For many years it was firmly believed that the world was flat and that if anyone sailed too far west they would fall off the end of the earth. This was disproved in 1492 when Genoese explorer Christopher Columbus, under contract to the Spanish crown, reached several Caribbean islands, making first contact with the indigenous peoples of those islands. While academics dispute the exact method, it is believed that these indigenous peoples first made their way to America at least 12,000 years and as many as 40,000 years ago.
21 years after Columbus arrived in the Caribbean, Juan Ponce de León became the first European to land on what would become the U.S. mainland although he was not immediately aware of this thinking “La Florida” was another island in the Caribbean. Many Spanish settlers would travel to the “new world” and settle in areas in present-day southwestern United States. Thousands travelled here through Mexico.
The Spanish would not be the only Europeans to settle in America. French fur traders established outposts of New France (which stretched from New Foundland to the Canadian Rocky Mountains, between the Hudson Bay to the Gulf of Mexico.) France claimed much of the North American interior including the present day states of Louisiana, Mississippi, Tennessee, Arkansas, Missouri, Ohio, Michigan, Illinois and Indiana.) The first successful English settlements were the Virginia Colony in Jamestown in 1607 and the Pilgrims Plymouth Colony in 1620. The Massachusetts Bay Colony, which resulted in a wave of migration, was founded in 1628 and by 1634 some 10,000 Puritans had settled in New England. The British Empire, between the late 1610s and the American Revolution used America as a penal colony for some 50,000 convicts.
1614 saw the Dutch settle along the lower Hudson River. One of their first settlements included New Amsterdam on Manhattan Island. The Dutch however would only hold land in America until 1674 when they would cede their territory to the British Empire. The province of New Netherland would be renamed New York (as it is today).

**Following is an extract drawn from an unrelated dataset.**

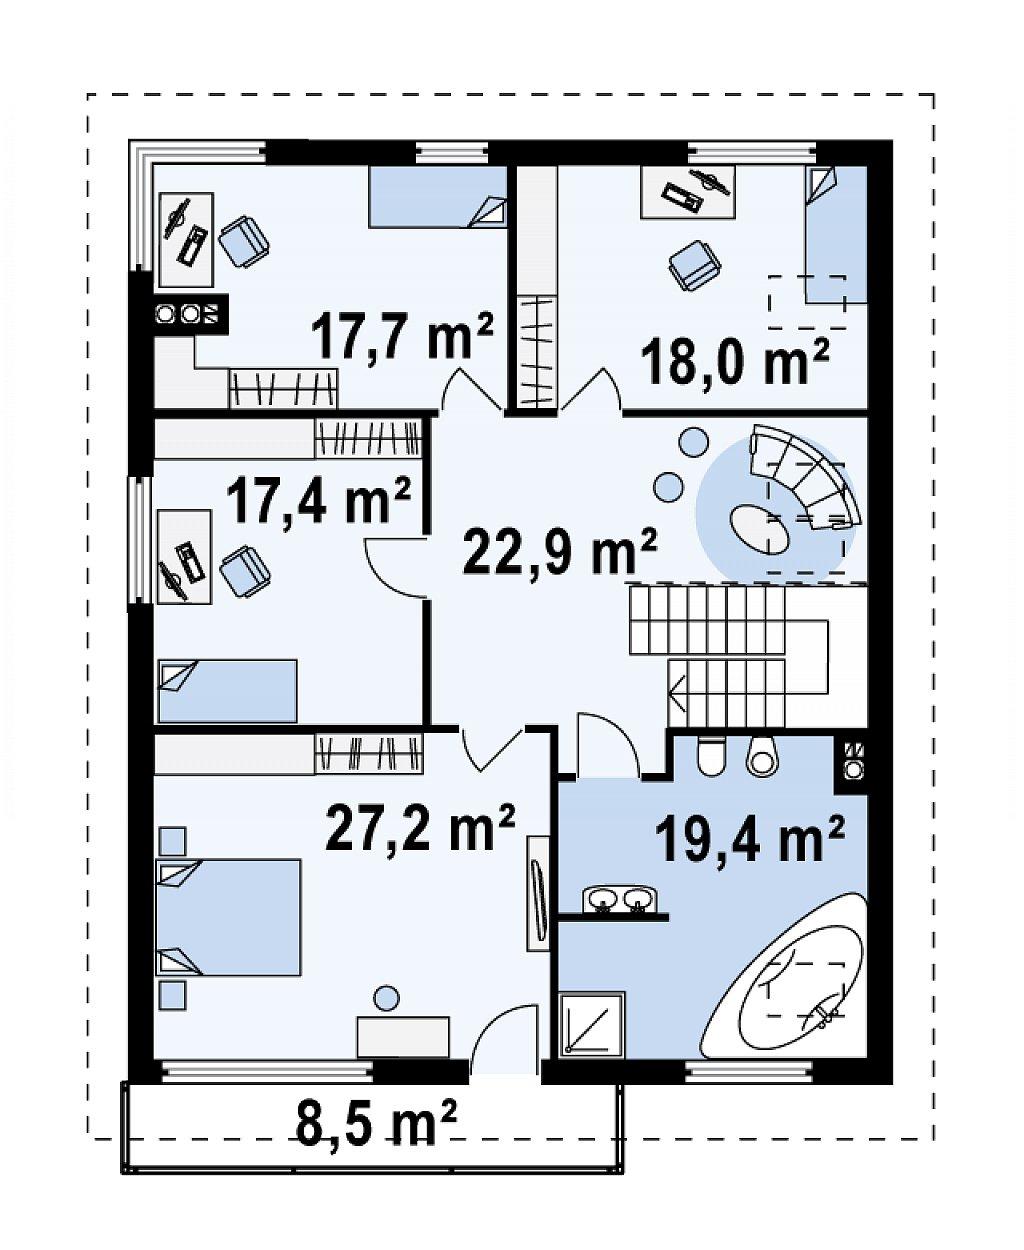 Проект выгодного и практичного двухэтажного дома с подвальным помещение, с дополнительной комнатой на первом этаже. план помещений 3

Many new immigrants, especially to the South, were indentured servants—including almost two-thirds of all Virginia immigrants between 1630 and 1680. By the turn of the century, African slaves were becoming the primary source of bonded labor. With the 1729 division of the Carolinas and the 1732 colonization of Georgia, the thirteen British colonies that would become the United States of America were established. All had local governments with elections open to most free men, with a growing devotion to the ancient rights of Englishmen and a sense of self-government stimulating support for republicanism. All legalized the African slave trade. With high birth rates, low death rates, and steady immigration, the colonial population grew rapidly. The Christian revivalist movement of the 1730s and 1740s known as the Great Awakening fueled interest in both religion and religious liberty. In the French and Indian War, British forces seized Canada from the French, but the francophone population remained politically isolated from the southern colonies. Excluding the Native Americans (popularly known as "American Indians"), who were being displaced, those thirteen colonies had a population of 2.6 million in 1770, about one-third that of Britain; nearly one in five Americans were black slaves. Though subject to British taxation, the American colonials had no representation in the Parliament of Great Britain.